VideoStreetView
- Initial release: December 1, 2009
- Available in: French, English, German, Italian, Vietnamese and Arabic
- Website: VideoStreetView

= VideoStreetView =

VideoStreetView.com is known for being the first web-platform to publish a full-motion 360° immersive video StreetView. Its headquarter is based in Geneva, Switzerland. The company also has an office in Saïgon, Vietnam.

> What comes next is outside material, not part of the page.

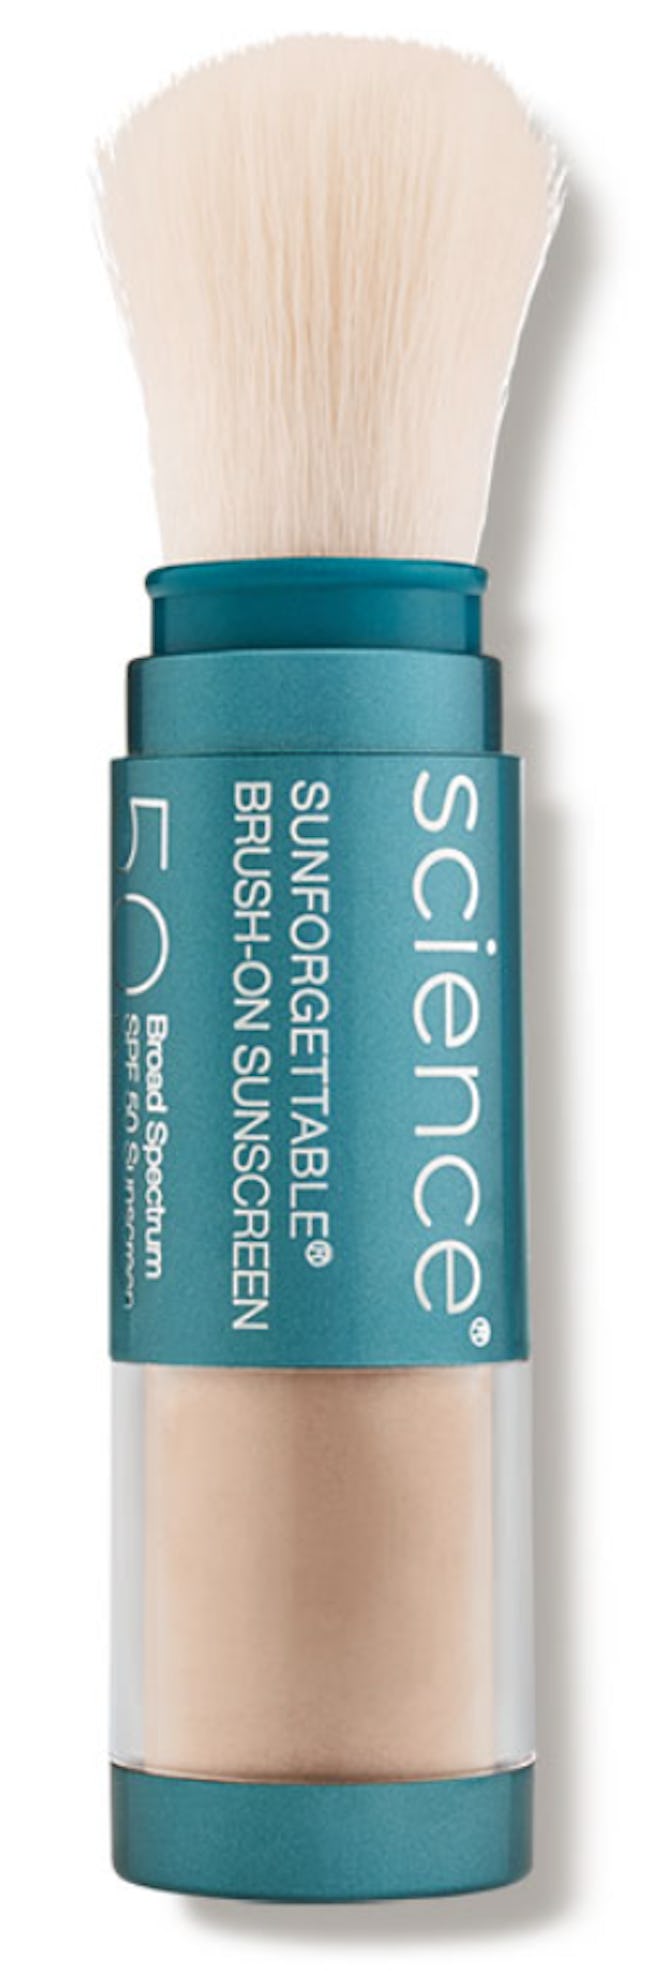 Colorscience Sunforgettable Total Protection Brush

The technology used to realize a VideoStreetView is a 360° video capture of the street. The viewer deals with an interactive map in which he can move freely from the top, to the bottom and on the left and the right. Many hotspots and POI (points of interest) offers to the viewer more informations.

==History==
GlobalVision is the company that originated the project. It was initially founded in 2003 by two brothers whom operated their business as a small student-driven structure. At the time of creation Marek Donnier was aged 23 and Jan-Mathieu Donnier was aged 20. The first public-released project website, PersoNews.com, a scalable city-guide and agenda, included more than 800 individual recreation structures and some 360° oneshot virtual tours.

In 2007, the company changed its name and legal structure and evolved to a limited liability company.

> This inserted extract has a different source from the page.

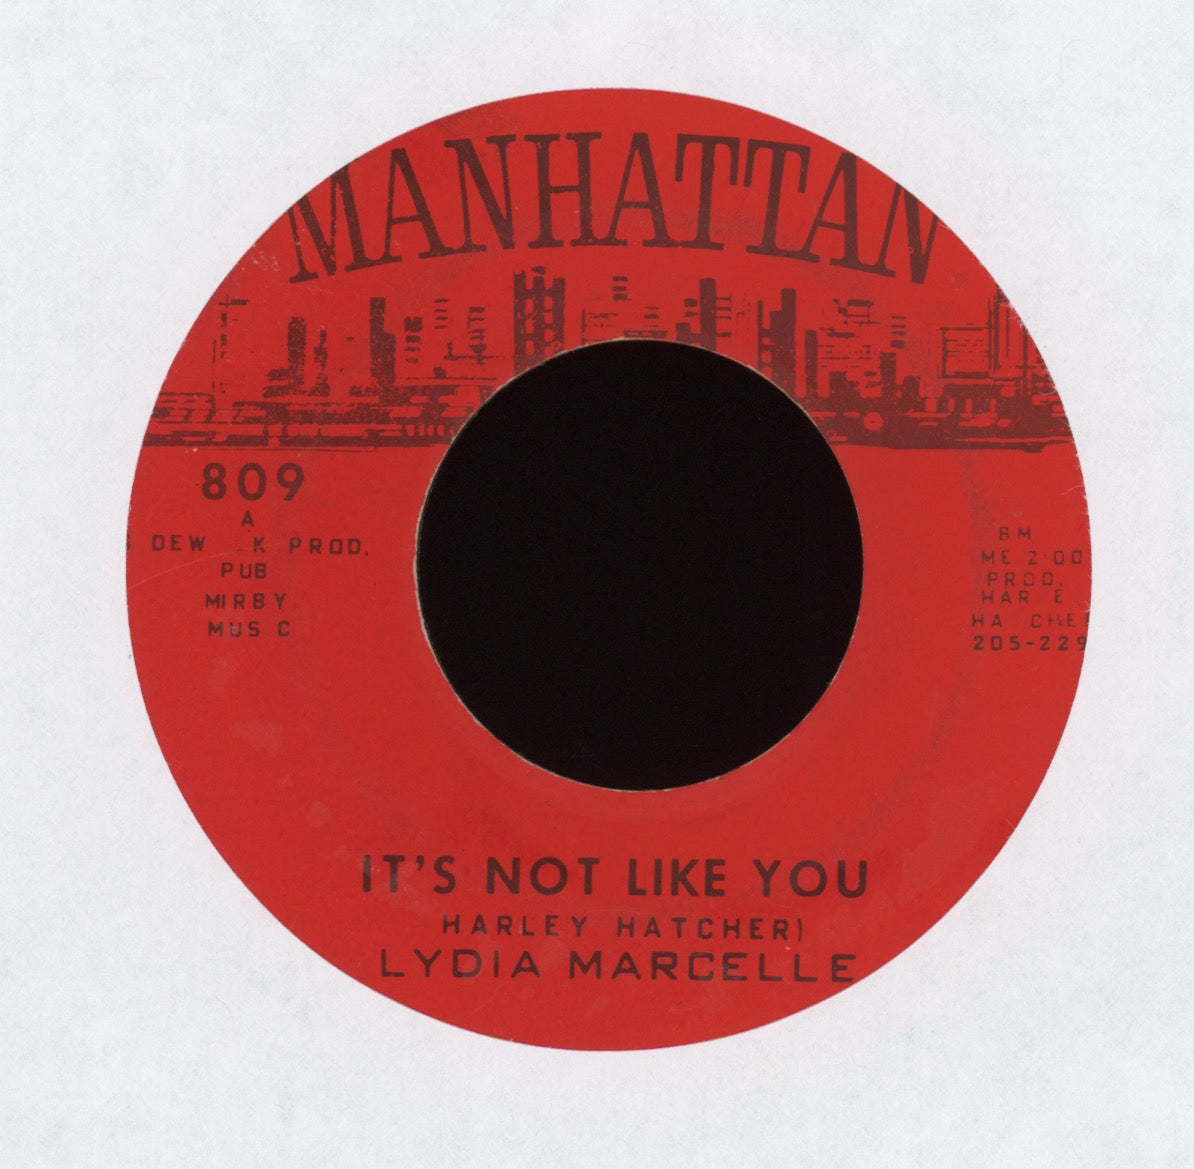 Lydia Marcelle - It's Not Like You on Manhattan Northern Soul 45

In 2008 it secured a partnership with Citroen and started its own StreetView project to map major cities in Switzerland. Several cameras are attached to the car’s roof and take pictures while the car is moving. GlobalVision acquired the domain names streetview.ch and videostreetview.com even before Google Street View stepped up in Europe.

The VideoStreetView.com website has been on a beta release since mid-2009, but was officially announced in December 2009.

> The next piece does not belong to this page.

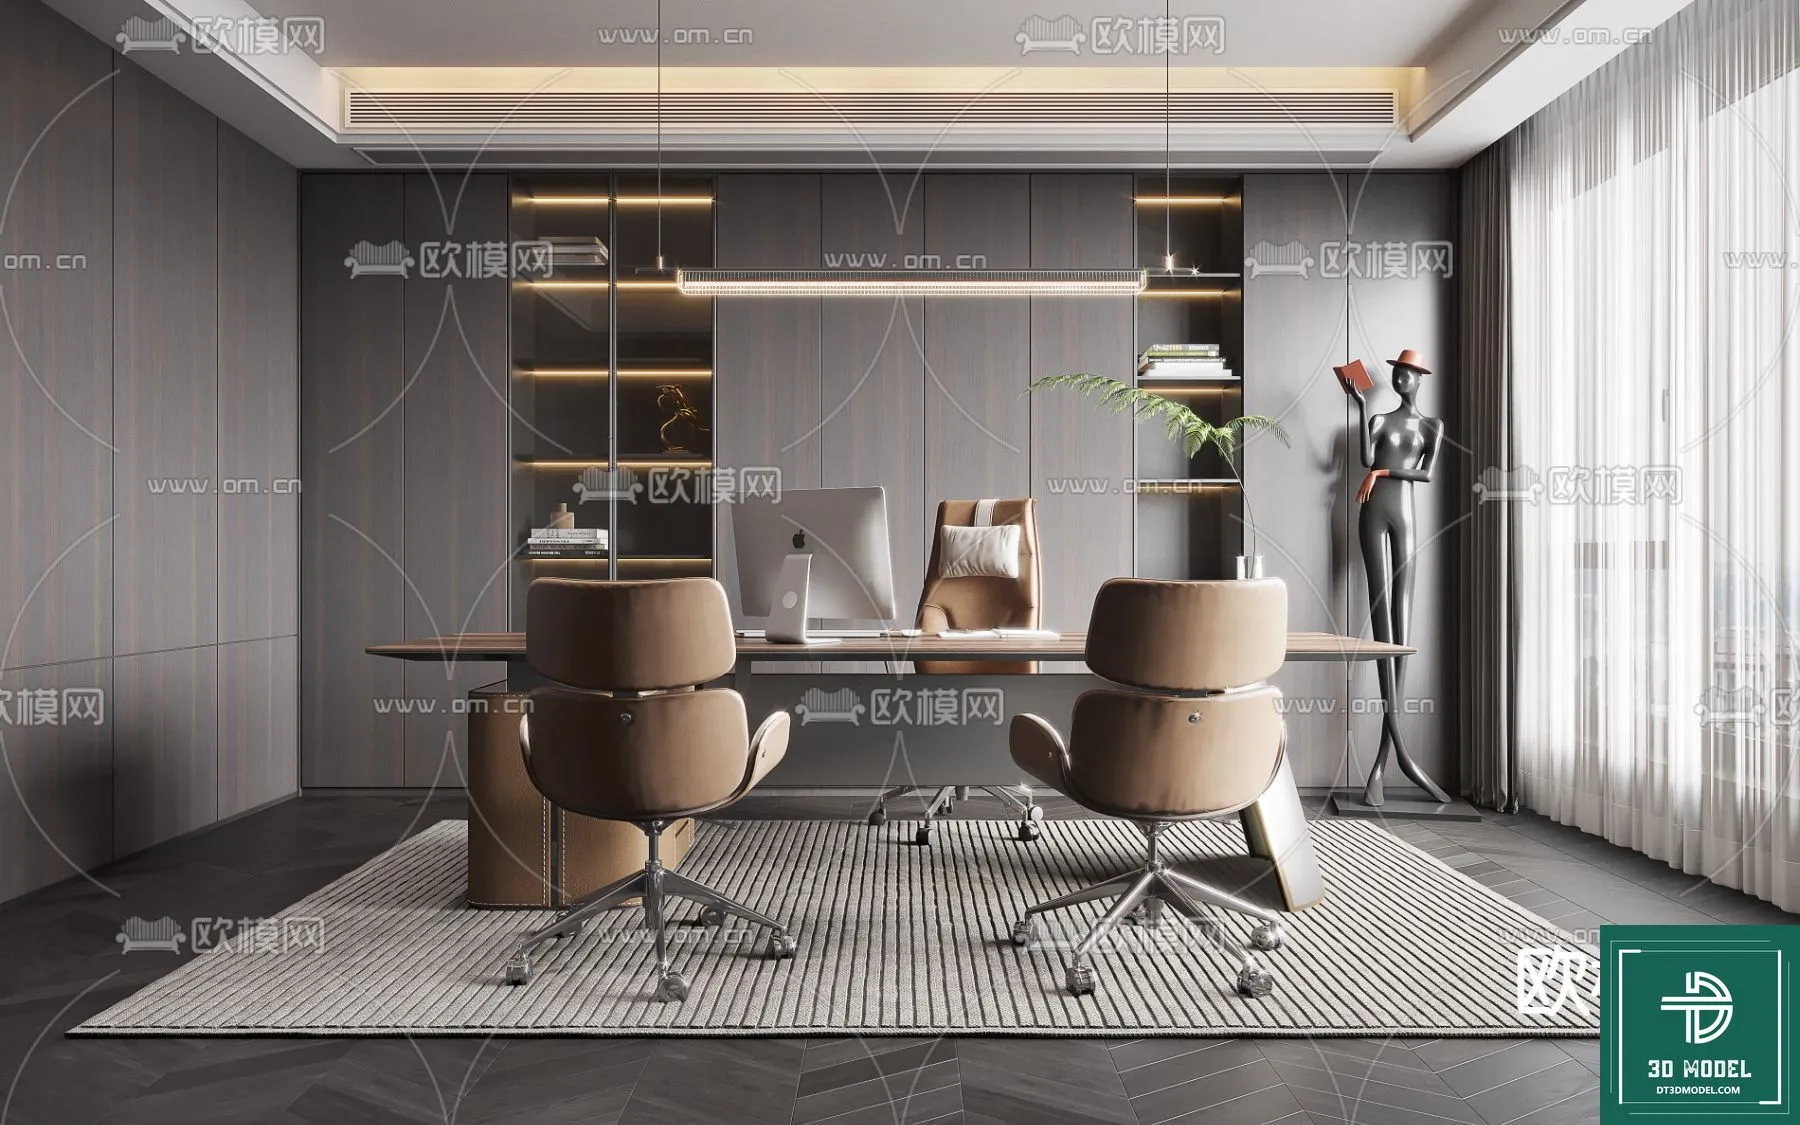 OFFICE ROOM FOR MANAGER – 3DMODEL – 060

Since 2014, a video street view is now possible from the sky. From the platform called Aerial GlobalVision, the viewer can see 360° panoramic aerial images. Those 360° panoramic are realized by using drones. The drone stabilized the camera to have a smooth images result. For now, it is possible to visit the city of Geneva and its environs, the Alps, Vietnam, Thailand and Singapore. As the Videostreetview, some hotspots and POI provide additional informations.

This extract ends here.